Always run str() after reading data — verify that column types match what you expect (e.g., numeric not character).

# Save a modified data frame
write.csv(wine, "winedata_clean.csv", row.names = FALSE)

The Pipe Operator

You will see |> (base R pipe, R ≥ 4.1) and %>% (magrittr, from the tidyverse) constantly in R code online. They both mean the same thing: pass the left-hand side as the first argument to the right-hand side.

# These three are identical:
mean(c(1, 2, 3, NA), na.rm = TRUE)
[1] 2
c(1, 2, 3, NA) |> mean(na.rm = TRUE)
[1] 2
# Reading it aloud: "take this vector, THEN compute the mean"

Pipes shine when you chain multiple operations:

# Without pipe — reads inside-out
round(sqrt(abs(-16)), 2)
[1] 4
# With pipe — reads left to right
-16 |> abs() |> sqrt() |> round(2)
[1] 4
Note

|> is built into R ≥ 4.1 — no packages needed. %>% requires library(magrittr) or library(dplyr). They behave identically in most cases. Prefer |> in new code.

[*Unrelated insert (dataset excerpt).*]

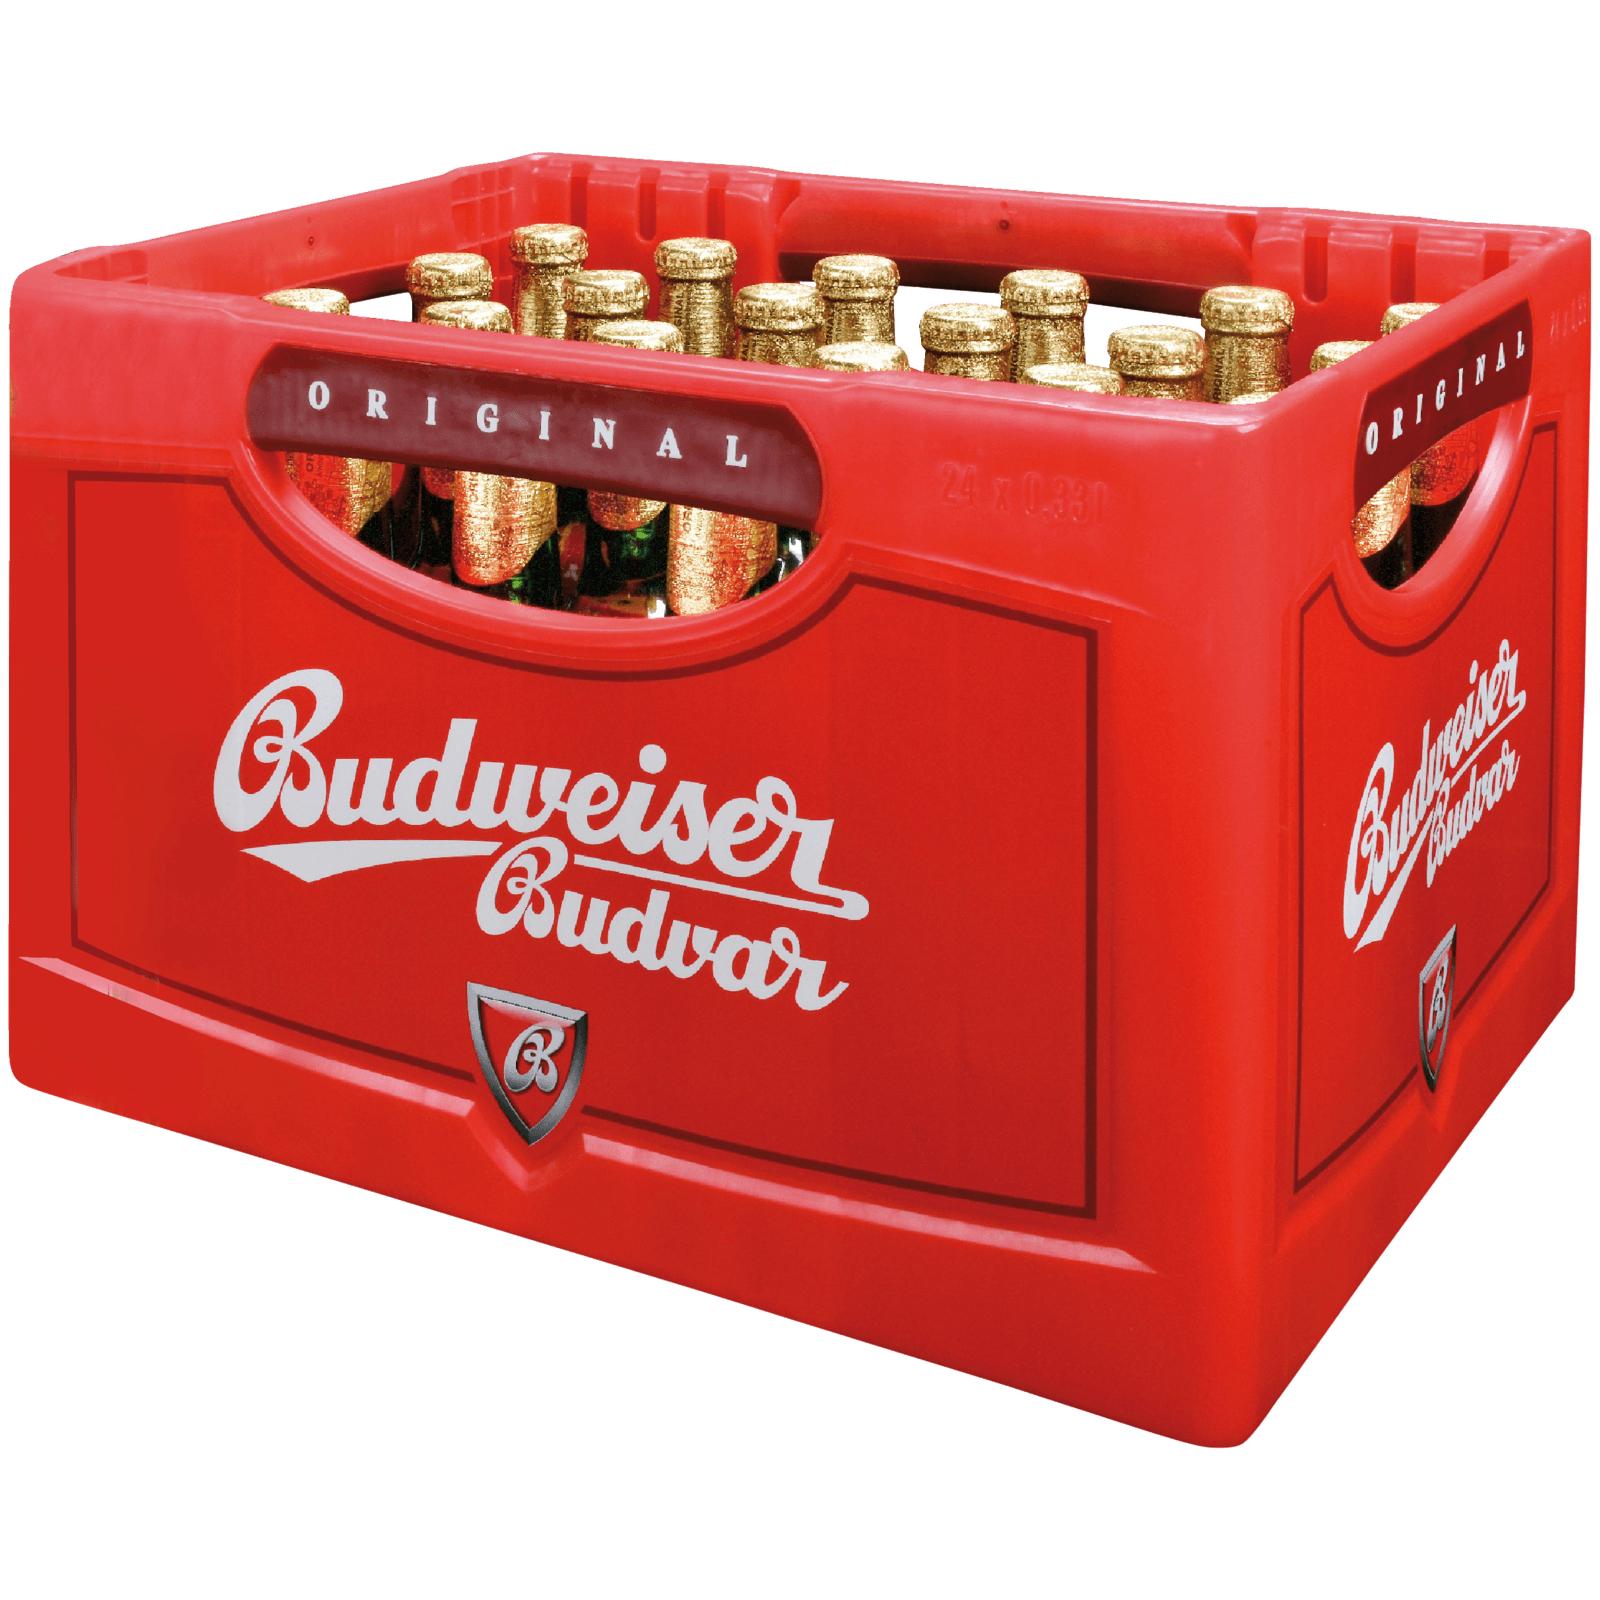 (Citti Maerkte) Kasten Budweiser 24*0,33 Flaschen fuer 11€

Iteration: apply and loops

When you need to do the same operation across many columns or groups, reach for apply() or sapply() instead of copy-pasting code. This will come up immediately in the problem set.

data(iris)

# apply() — loops over rows (MARGIN=1) or columns (MARGIN=2) of a matrix/data frame
apply(iris[, 1:4], MARGIN = 2, FUN = mean)   # mean of each numeric column
Sepal.Length  Sepal.Width Petal.Length  Petal.Width 
    5.843333     3.057333     3.758000     1.199333 
# sapply() — loops over a vector or list, returns a simplified result
sapply(iris[, 1:4], sd)   # SD of each numeric column
Sepal.Length  Sepal.Width Petal.Length  Petal.Width 
   0.8280661    0.4358663    1.7652982    0.7622377 
# Equivalent for loop (more verbose, same result)
for (col in names(iris)[1:4]) {
  cat(col, "mean =", mean(iris[[col]]), "\n")
}
Sepal.Length mean = 5.843333 
Sepal.Width mean = 3.057333 
Petal.Length mean = 3.758 
Petal.Width mean = 1.199333 
Note

More on apply(), lapply(), and writing your own functions comes in Module 2. For now, the pattern is: apply(data_frame, 2, some_function).


Part 1b: ggplot2

The Grammar of Graphics

ggplot2 builds plots layer by layer:

ggplot(data, aes(x = ..., y = ...)) +
  geom_*()   +    # geometry: points, lines, bars, histograms ...
  labs()     +    # labels
  theme_*()       # styling

Every plot starts with ggplot(). Add layers with +.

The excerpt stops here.